T-Mobile on the other hand is having greater success with their CEO and all of the "uncarrier" tactics they are implementing. T-Mobile is now focusing on upgrading the last of their own cell sites to LTE to expand footprint in the rural parts of the country but they still have a ways to go. And that's not to say T-Mobile's existing LTE network isn't great, it's fantastic (if you can actually get it).
AT&T is out of new deployable spectrum so their LTE network is slowing down in congested areas. They are deploying tens of thousands of small cell sites to make their network more dense to help with this problem. So say a tower has 100 people sharing 20mhz (10x10) of LTE bandwidth at the same time. If there are now three small cell sites placed away from that tower, each additional site has 20mhz of spectrum to use. So there would then be ~25 on that main tower, and ~25 on each additional small cell site.

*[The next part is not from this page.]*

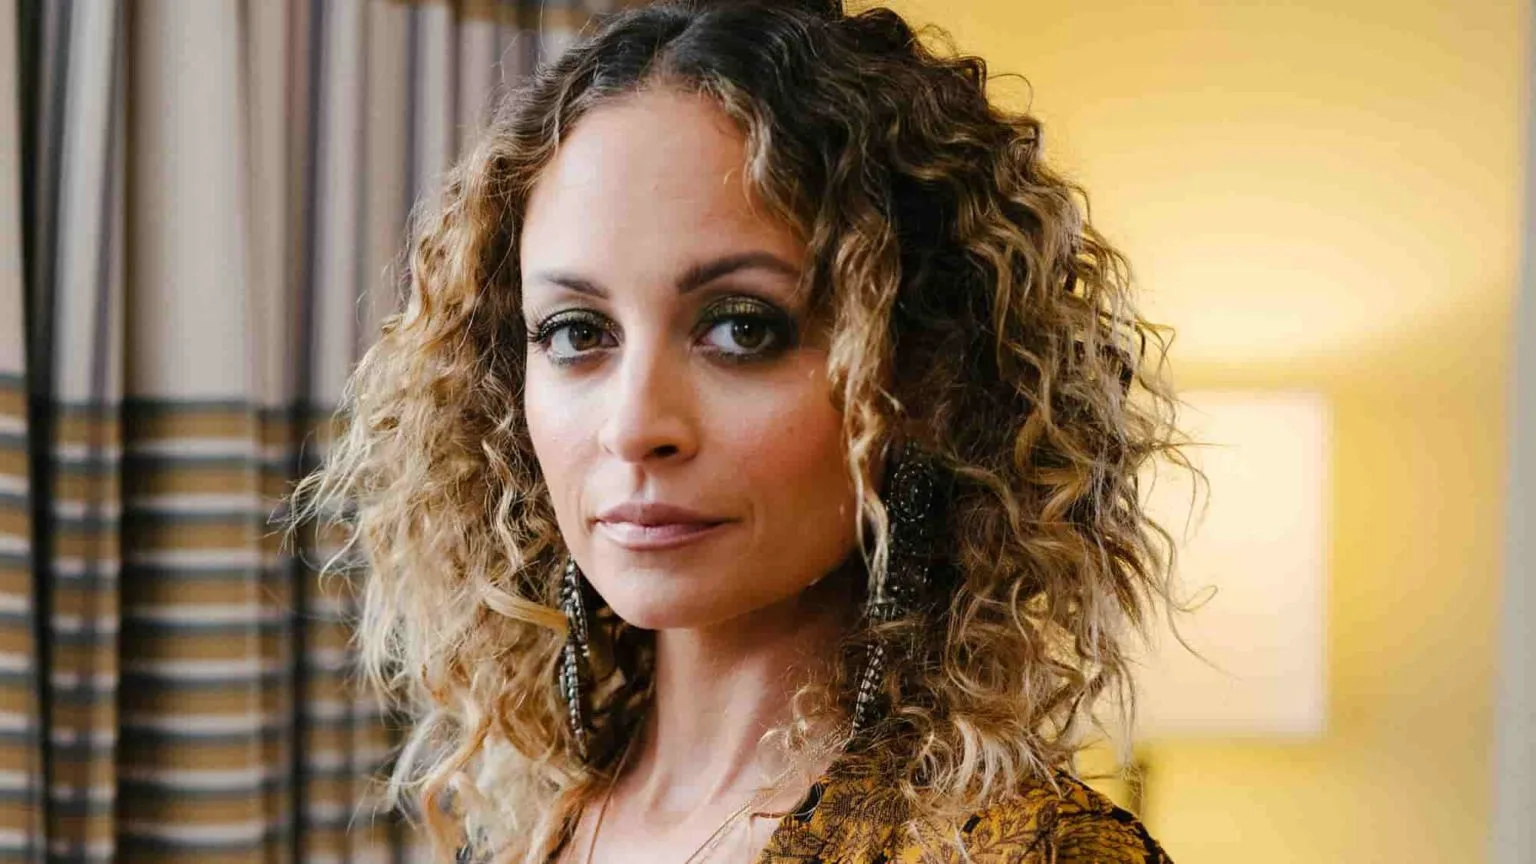 Who Is Karen Moss? All You Need To Know About Nicole Richie’s Biological Mother

Verizon's original 700mhz LTE network is very congested in a lot of areas, but instead of deploying as many small sites as AT&T, they instead bought that very large chunk of AWS spectrum from cable companies and have it deployed to the majority of their cell sites. In major cities this is a full 40mhz chunk of spectrum (20x20) which theoretically can net you up to 150Mb/s if you have the right device that can use band 4. They also have started re-farming a small portion of their PCS spectrum (10mhz total) in some testing areas (san francisco especially). They will need to densify their network eventually but they sure have done a great job at buying an ample amount of time.
I personally feel Sprint's current slump all comes down to the Clearwire/WiMax decision. Both Sprint and Verizon were in the same situation when it came to deploy their choices of 4G technologies. They both operated CDMA/EVDO 3G networks which with the revision they were using maxed out around 3.1Mb/s. AT&T was in the middle of deploying their HSPA/HSPA+, what they now call "4G" (not to be confused with LTE). Verizon and Sprint did not have the option of this transition period of significantly higher speeds that was not LTE or WiMax. Surprisingly Verizon got this right. They obtained a nationwide chunk of 700mhz block c (band 13) spectrum for their initial LTE network they started deploying in early 2011. This is the same spectrum that has the open access rules attached to it that made them back down on throttling on their LTE network. The sheer speed at which they deployed this LTE spectrum was just ridiculously fast. Right now they have 99% of their entire 3G footprint covered with that layer of LTE while AT&T's national map is still nowhere close to Verizon in terms of overall LTE deployment covering their entire legacy networks.
Meanwhile Sprint went ahead with WiMax and we all know how that unfolded. I hope they can recover as 4 national carriers is always going to be better than 3 competition wise, but I just don't see it happening for potentially years from now.
In terms of network, Verizon got it 100% right the entire time. AT&T struggled in ~2009 with the iPhone and recovered but is feeling the effects of congestion but they are countering with tons of small cell sites. Verizon has congestion on the band 13 LTE deployment, but band 4 is helping with that. T-Mobile's LTE deployments are great, but they are still focusing on expanding into more rural areas. Sprint is working on their Spark network, and where you can get it, it's good, but they just are moving so damn slow I don't know if it will be fast enough in the long run.